My only experience in this area is watching the local shops and shop-owners around me. It is a very strange world in which there are community development “experts” that are involved in handing out grant money to small business which seem, to me anyway, to have no rhyme or reason for being. It’s as if the grant givers are interested in “how cool would it be to have X type of shop?” And then everyone else, including the local property owners and small business, pony up the taxes that make up the grants.
It’s bizarre, it’s a world of TIFs, it’s a world of federal stimulus money being used for truly head-scratching projects like paving over public roads with bricks. This should not be a priority.
The world of local governance is utterly bizarre.
– Madhu
OPS…”It’s as if the grant givers are interested in “how cool would it be to have X type of shop?”
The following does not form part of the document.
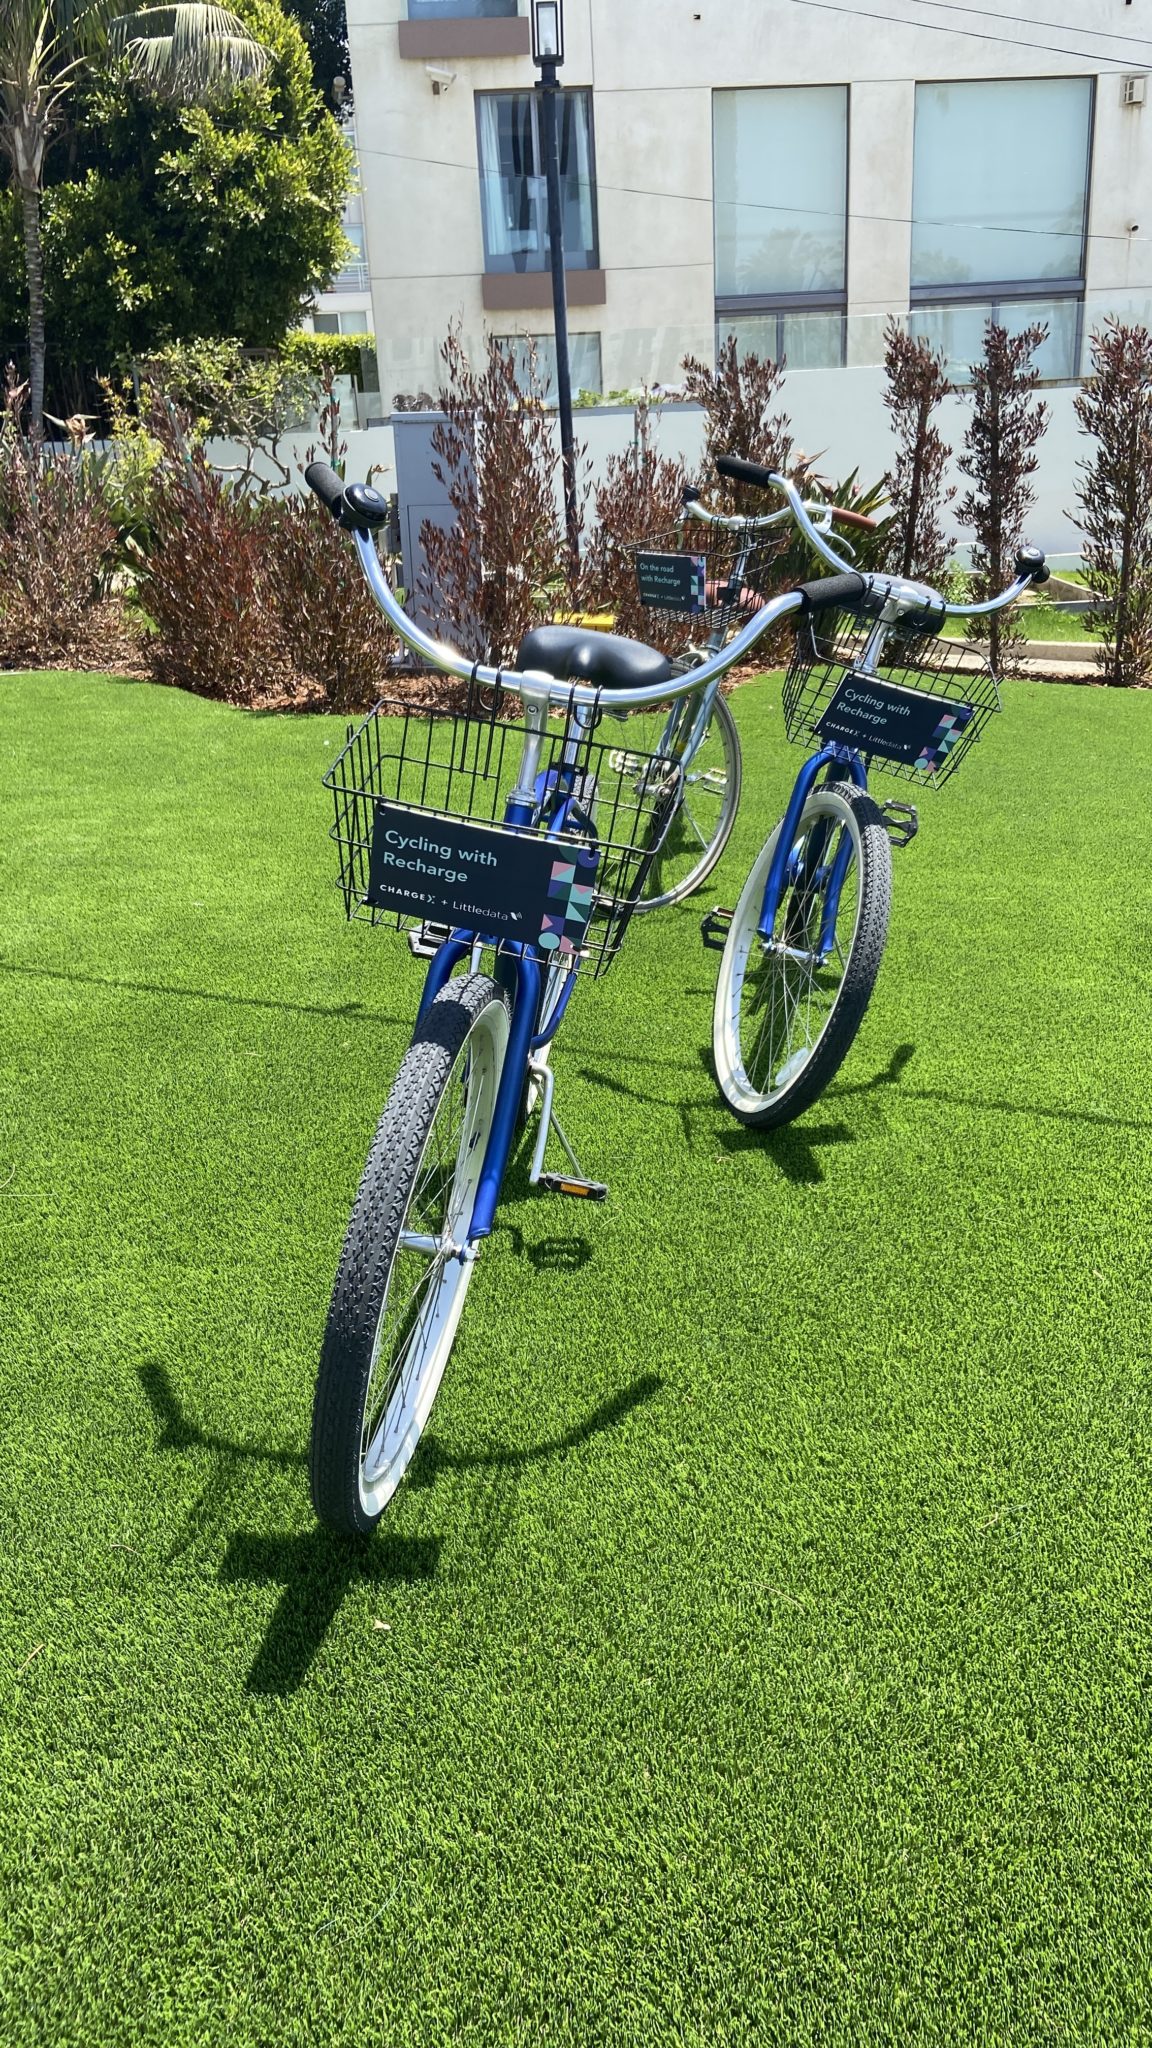 دراجتان أزرقتان تحملان العلامة التجارية ChargeX على سلالهما الأمامية تقفان مع مساندها على بعض العشب جاهزة للحضور لركوبها.

About 12 years ago, I knew someone who wanted to start a small manufacturing business and wanted to take advantage of startup funding from a local government program. They made it clear that they were only interested in “high technology” businesses: metalworking companies need not apply. (This was not an environmental issue: the business in question was clean light manufacturing)
I wonder how many of the “high tech” companies that they *did* fund are still around…my guess would be not many. This is probably typical for local govt involvement in business funding: give $ to someone trendy, especially if the trendiness is in a field that the government officials know nothing about and are incapable of evaluating intelligently.